Python从小说长串中删除完整的单词句子

时间:2016-10-13 22:06:55

标签: python string

我已将小说粘贴到文本文件中。 我想删除包含以下句子的所有行,因为它们一直出现在每个页面的顶部(只是删除它们在这些行中的出现也会这样做):

  

“热分子运动,有序和概率”

     

“分子和离子相互作用是形成的基础”

     

“界面现象和膜”

我的第一次尝试如下:

mystring = file.read()
mystring=mystring.strip("Molecular Structure of Biological Systems")
mystring=mystring.strip("Thermal Molecular Movement in , Order and Probability")
mystring=mystring.strip("Molecular and Ionic Interactions as the Basis for the Formation")
mystring=mystring.strip("Interfacial Phenomena and Membranes")
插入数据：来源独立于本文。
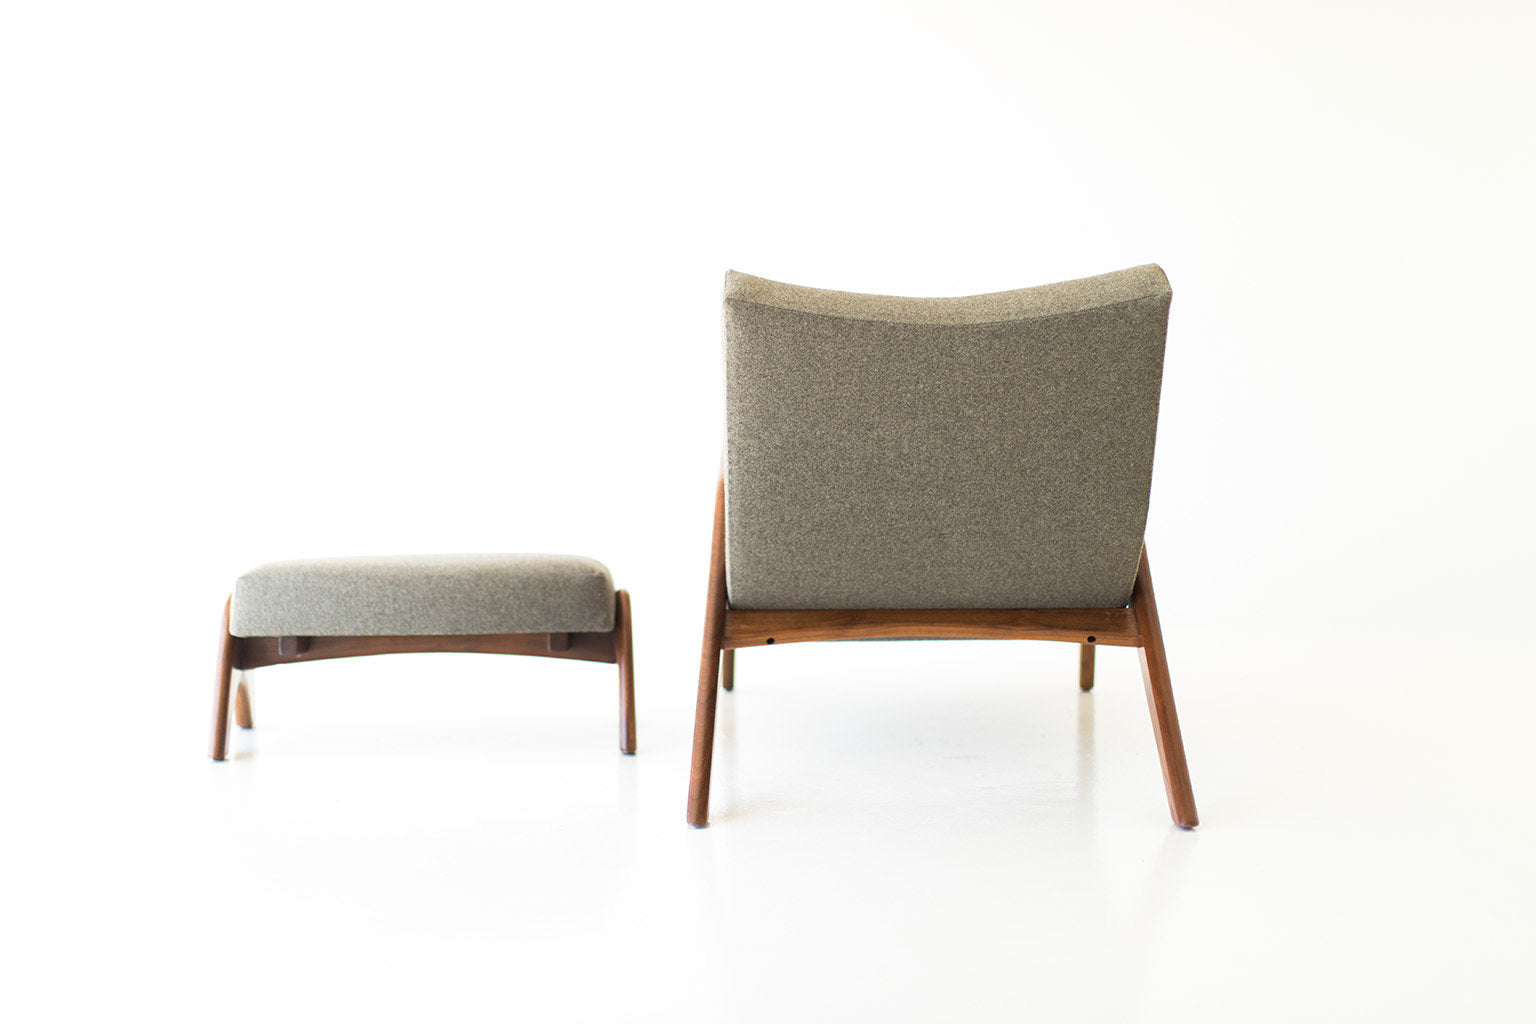 Adrian Pearsall Lounge Chair and Ottoman for Craft Associates Inc. - 05101802

new_file=open("no_refs.txt", "w")

new_file.write(mystring)

file.close()

然而,这对输出文本文件没有影响......内容完全没有变化......我觉得这很奇怪,因为下面的玩具示例工作正常:

>>> "Hello this is a sentence. Please read it".strip("Please read it")
'Hello this is a sentence.'

由于上述方法无效,我尝试了以下方法:

file=open("novel.txt", "r")
mystring = file.readlines()
for lines in mystring:
    if "Thermal Molecular Movement in , Order and Probability" in lines:
        mystring.replace(lines, "")
    elif "Molecular and Ionic Interactions as the Basis for the Formation" in lines:
        mystring.replace(lines, "")
    elif "Interfacial Phenomena and Membranes" in lines:
        mystring.replace(lines, "")
    else:
        continue

new_file=open("no_refs.txt", "w")

new_file.write(mystring)
new_file.close()
file.close()

但是对于这次尝试我得到了这个错误:

TypeError:期望字符串或其他字符缓冲区对象

1 个答案:

答案 0 :(得分:2)

  • 首先str.strip()只删除在 start end 的字符串中找到的模式,这解释了它似乎在您的测试中有效,但是事实上并不是你想要的。
  • 其次,您尝试在不在当前行上的列表中执行替换(并且您不会分配替换结果)

这是一个成功删除线条模式的固定版本:

with open("novel.txt", "r") as file:
    mystring = file.readlines()
    for i,line in enumerate(mystring):
        for pattern in ["Thermal Molecular Movement in , Order and Probability","Molecular and Ionic Interactions as the Basis for the Formation","Interfacial Phenomena and Membranes"]:
            if pattern in line:
                mystring[i] = line.replace(pattern,"")                    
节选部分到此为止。